The envoy of Burhan said on Wednesday that the army “accepted the Saudi-US initiative for truce talks, not mediation to end the fighting”. Dafallah Alhaj told reporters in Cairo that their delegation “will not meet with RSF face to face”.

The continued violence has led to an exodus of international humanitarian workers and the suspension of most aid programmes. It has also blocked new aid deliveries in a nation where about one-third of the 45 million population already relied on humanitarian assistance. Main international airports remain shut.

Callout

A broader disaster could be in the making as Sudan’s impoverished neighbours grapple with the influx of refugees.

About 100,000 people have been forced to flee with little food or water to neighbouring countries, while in Sudan the price of basic commodities – such as bottled water, food staples, and fuel – has doubled or even tripled in some places.

Griffiths said he had been told by the World Food Programme that six of their trucks travelling to Darfur were looted en route despite assurances of safety and security. There was no immediate comment from WFP.

“It’s a volatile environment, so we need those commitments,” Griffiths said. “It’s not as if we’re asking for the moon. We’re asking for the movement of humanitarian supplies, of people. We do this in every other country, even without ceasefires. It’s a traditional humanitarian enterprise to go where others don’t.”

Leni Christine Kinzli, a WFP communications officer, told the Guardian that one of the biggest current challenges for the agency was that its food stores in Sudan had been looted.
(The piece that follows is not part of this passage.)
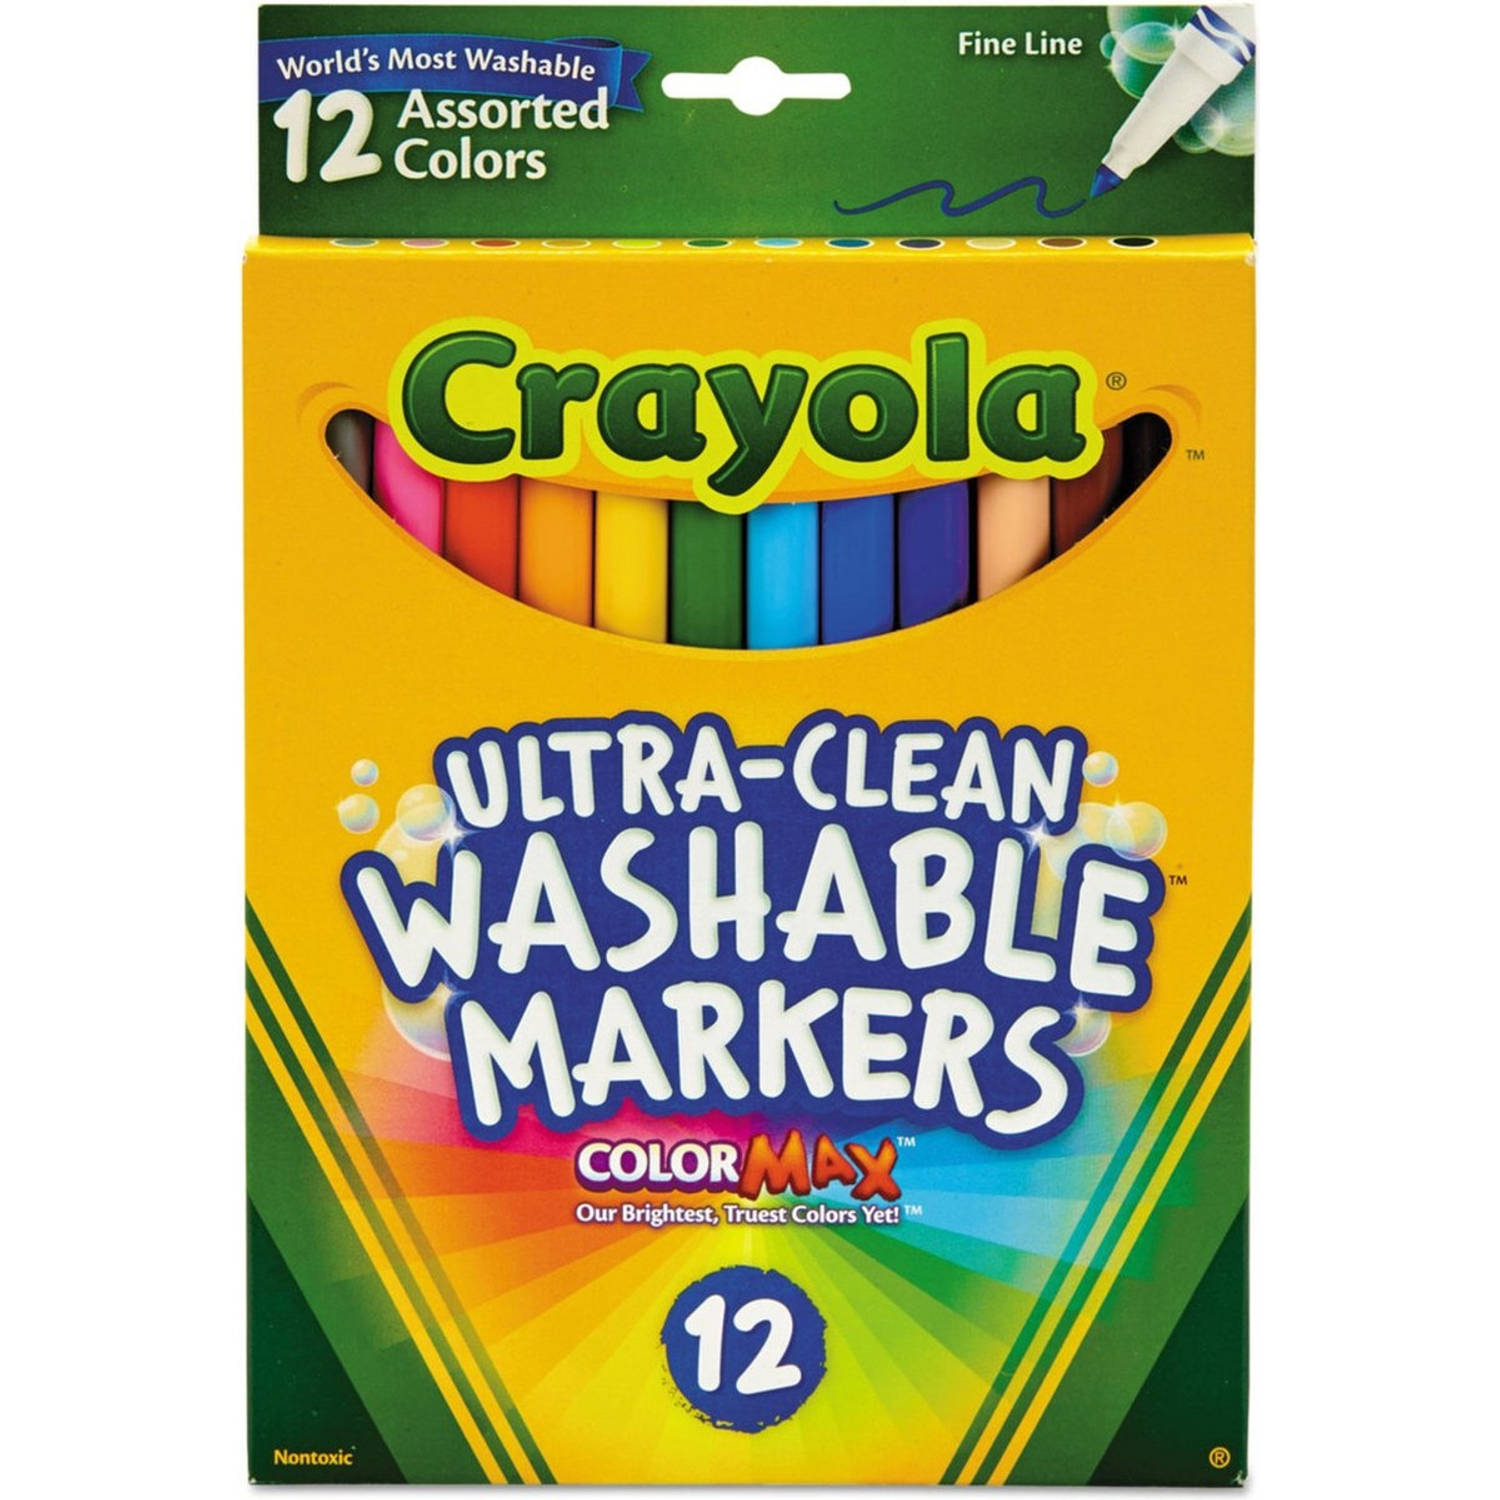 Crayola Ultra-clean Washable Markers - 12 stuks Color max met fijne punt

In the city of Geneina about 6,800 tonnes of food assistance was stolen and overall the agency estimated its losses at $400m worth of humanitarian assets, including equipment.

“We do still have food stocks positioned across the country – around 8,000 metric tonnes – which we are hoping to move to locations to where people are being displaced and where there are already existing refugees or IDP camps,” said Kinzli.

“We are focusing on resuming food distributions in al-Gazira, Kassala, the White Nile states … Food distributions have started today and we are doing our best to get assistance to the people that need the most.”

Other agencies are also struggling. The ICRC said its first airlift of vital medical supplies landed in Port Sudan on Sunday but has warned of difficulties in transporting aid to hospitals on the frontlines in the capital.

The 8 tonnes of humanitarian cargo includes surgical material to support Sudanese hospitals and volunteers from the Sudan Red Crescent Society (SRCS) who are providing medical care to people wounded in the fighting.

ICRC officials said on Wednesday that they had “high hopes” of getting the cargo to those who needed it most.

However, security concerns for humanitarian workers remain acute with some describing staff facing “enormous personal risks”.

The Norwegian Refugee Council (NRC) described a “hell on earth” in Geneina, Darfur, where fighting has resulted in the loss of at least 191 lives. The casualties included a community volunteers with the organisation. The NRC office and guesthouse were also been looted.

“The killing of scores of civilians and the complete disrespect for civilian infrastructure is unacceptable. The stories coming out of there describe a hell on earth where displaced families see their precarious shelters turned to ashes, humanitarian offices looted, warehouses pillaged, and nothing is left,” said Jan Egeland, secretary general of the NRC.

Evacuation operations by western and other nations are now winding down.

The final UK rescue flight from Sudan arrived in the UK on Wednesday afternoon. More than 2,400 people have been evacuated on 29 flights, according to UK officials, who described its evacuations as “the longest and largest operation of any western nation”.